• _Work instruction_
All that is needed is the lines from the one containing "Refurbished Taylor Wharton" through the end of the listing, printed exactly, with no pictures among them.

• _Collected material_
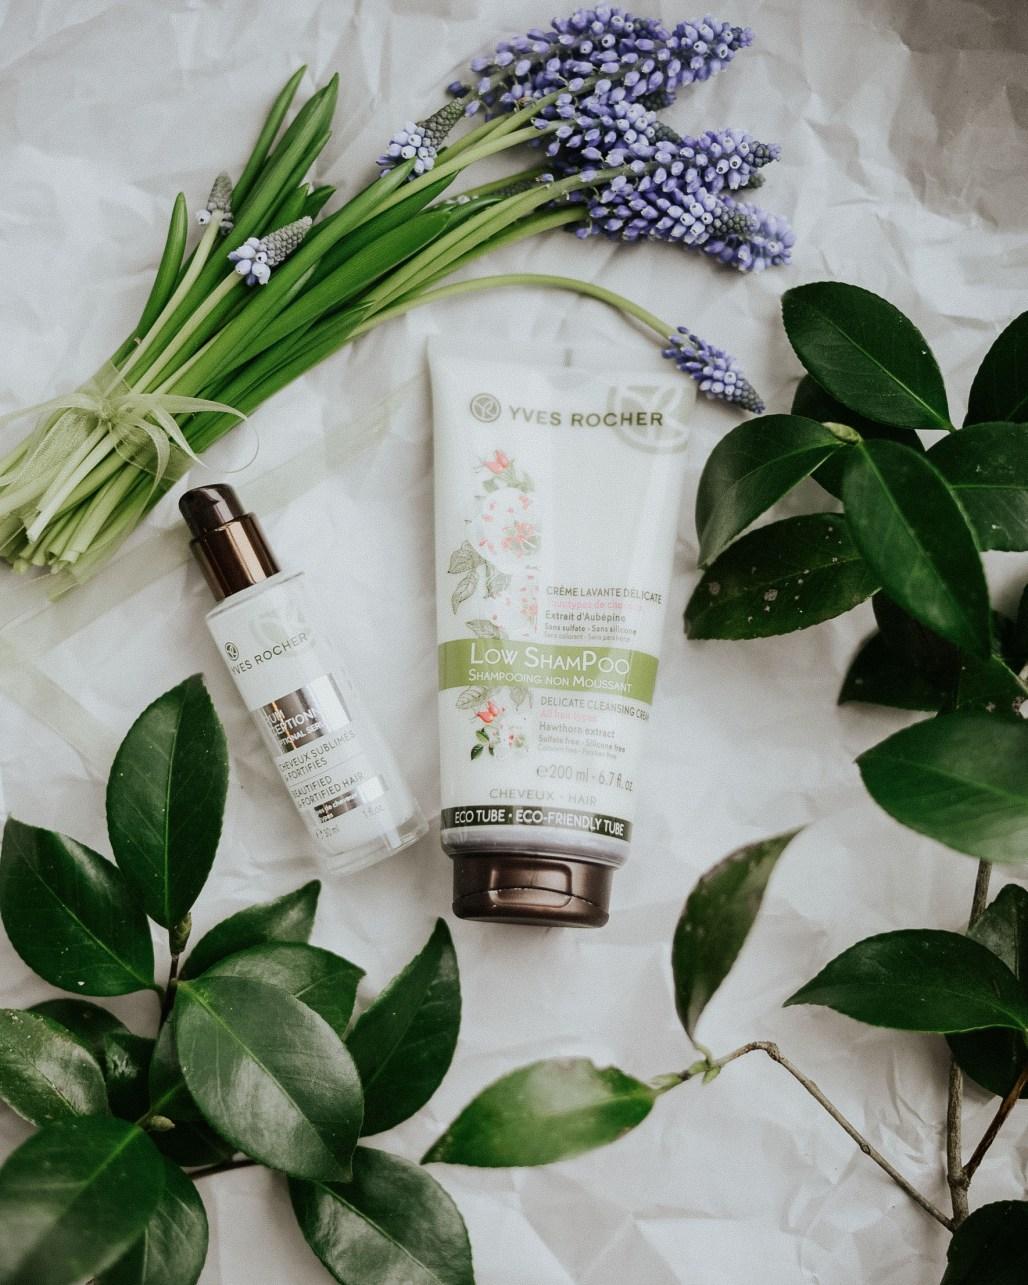 yves-rocher-low-shampoo-9
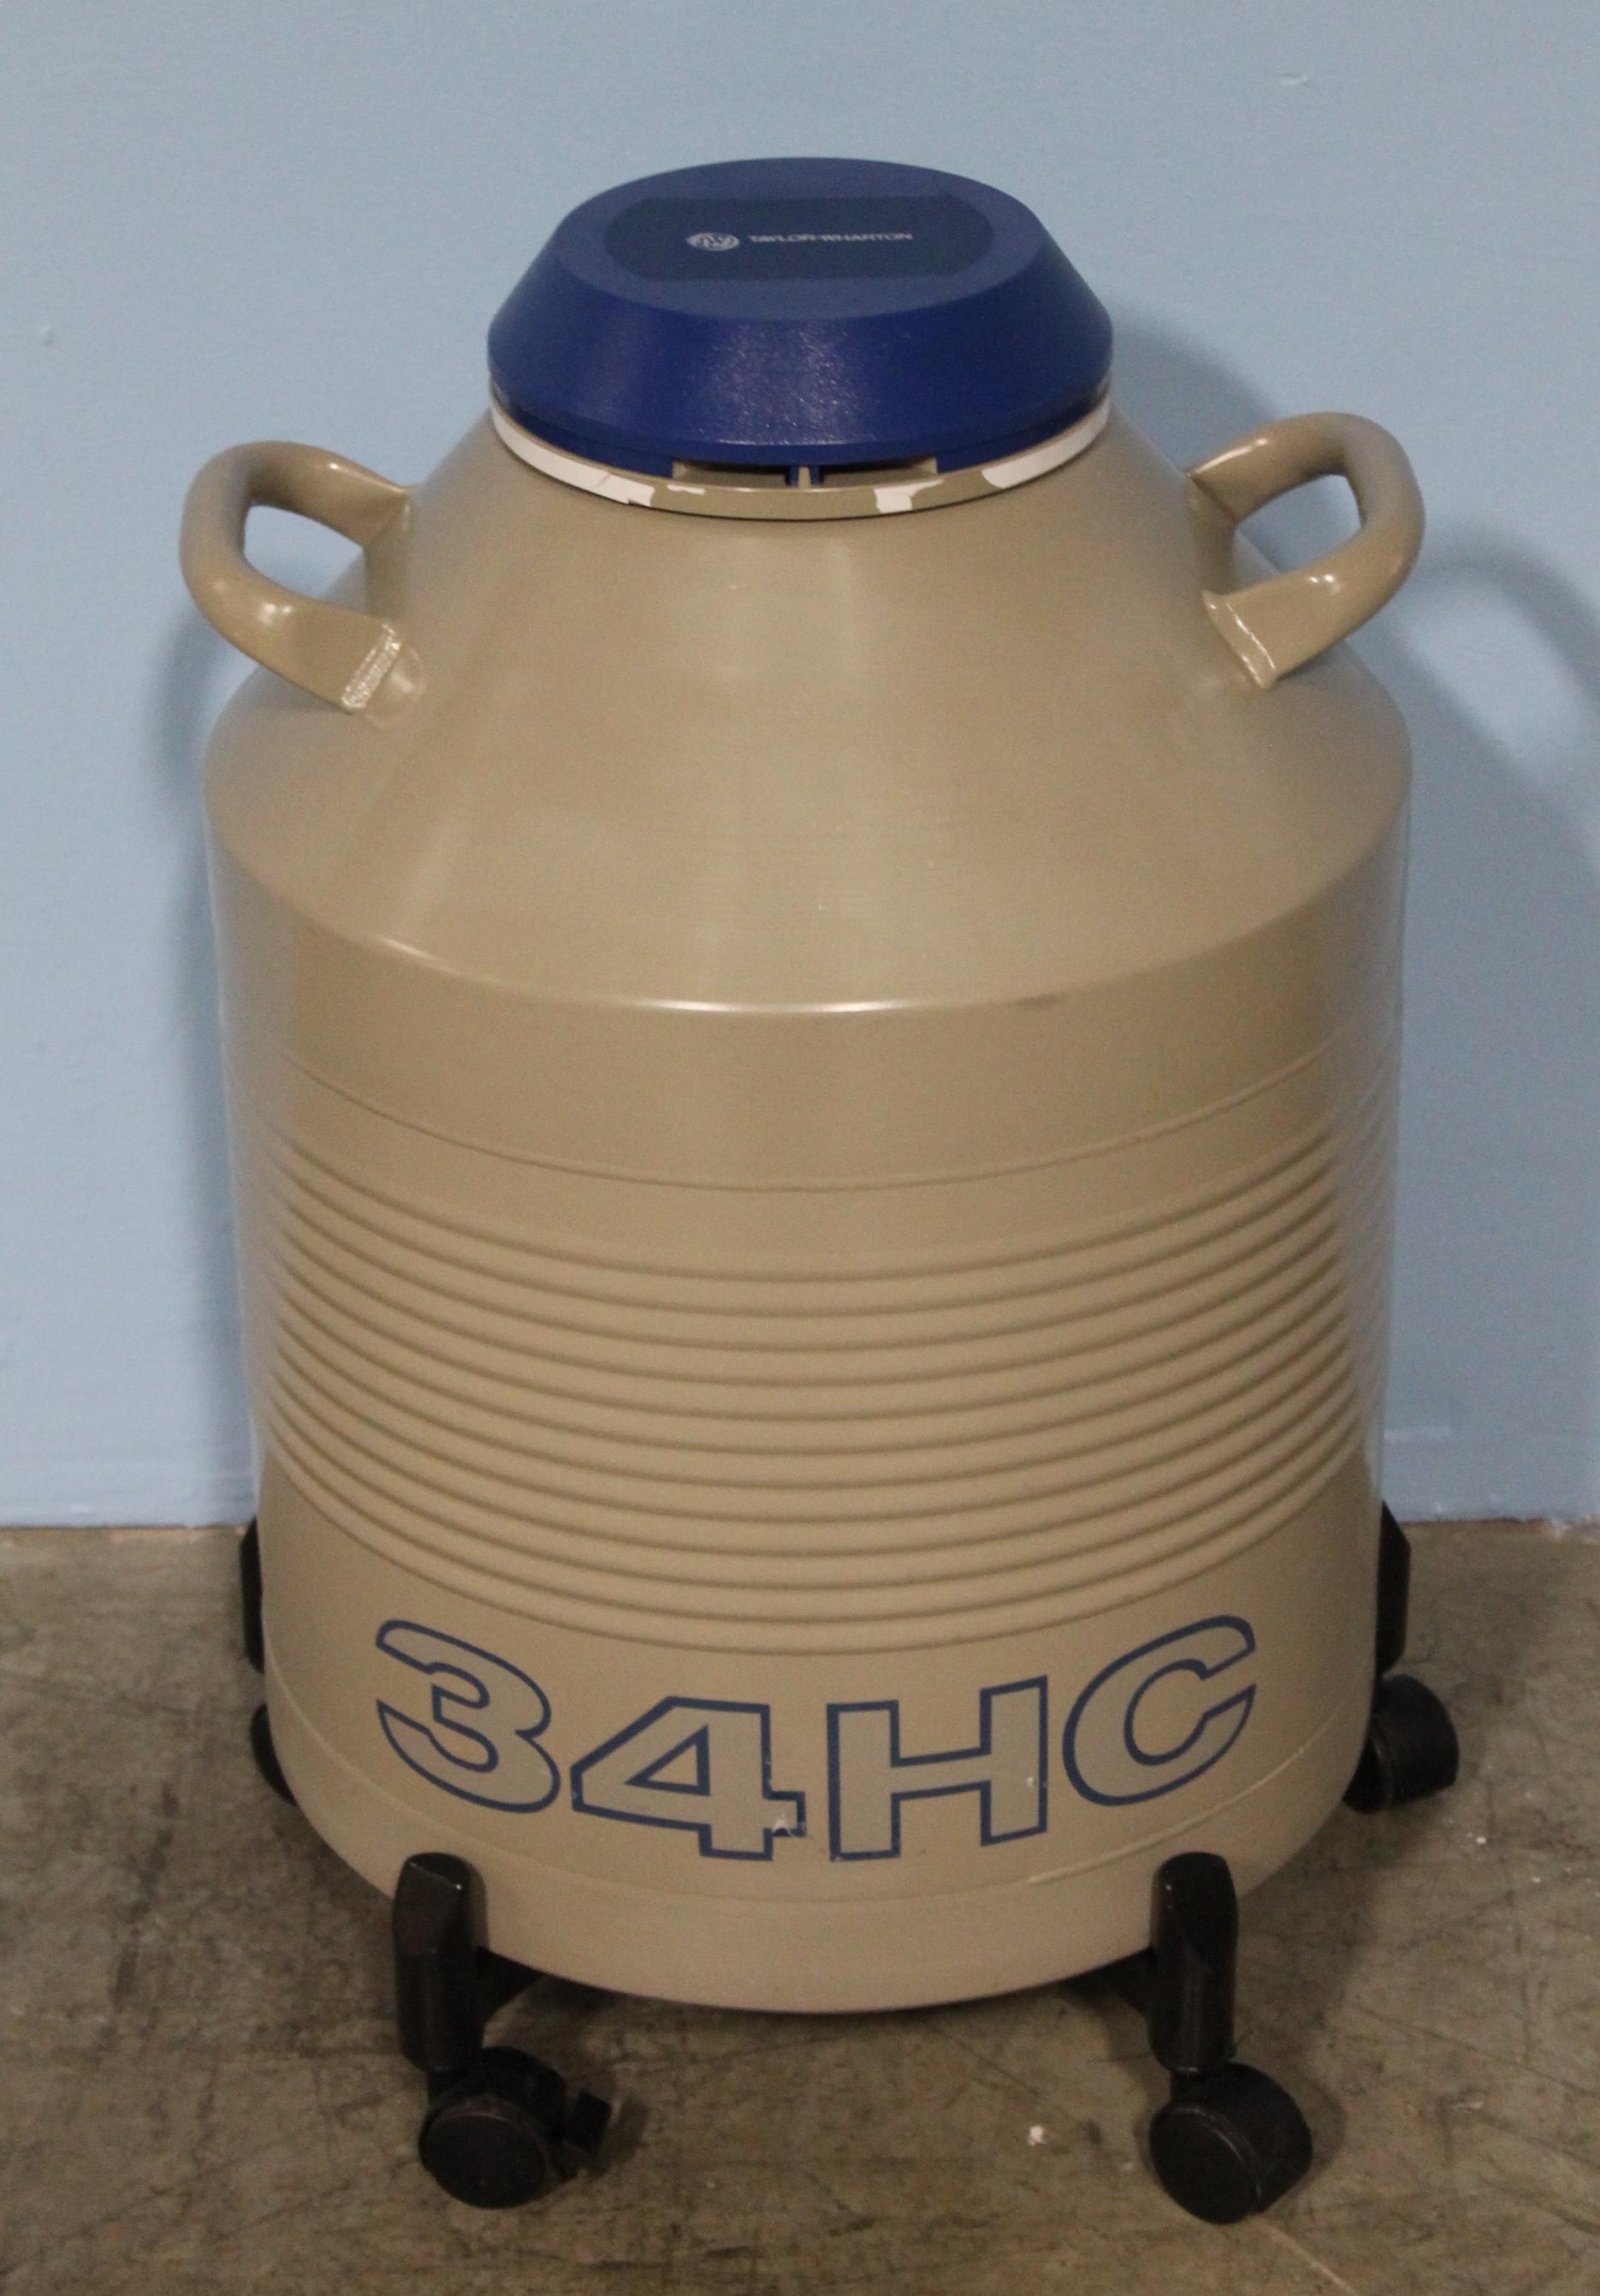 Refurbished Taylor Wharton 34HC Cryogenic Storage Dewar
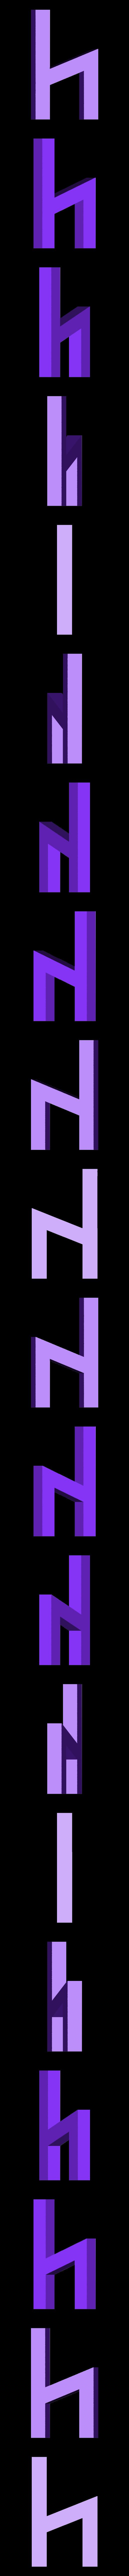 WakandaFont-X.stl Download free STL file Wakandan Font • Model to 3D print, hterefenko

• _Problem solution_
 Refurbished Taylor Wharton 34HC Cryogenic Storage Dewar
 WakandaFont-X.stl Download free STL file Wakandan Font • Model to 3D print, hterefenko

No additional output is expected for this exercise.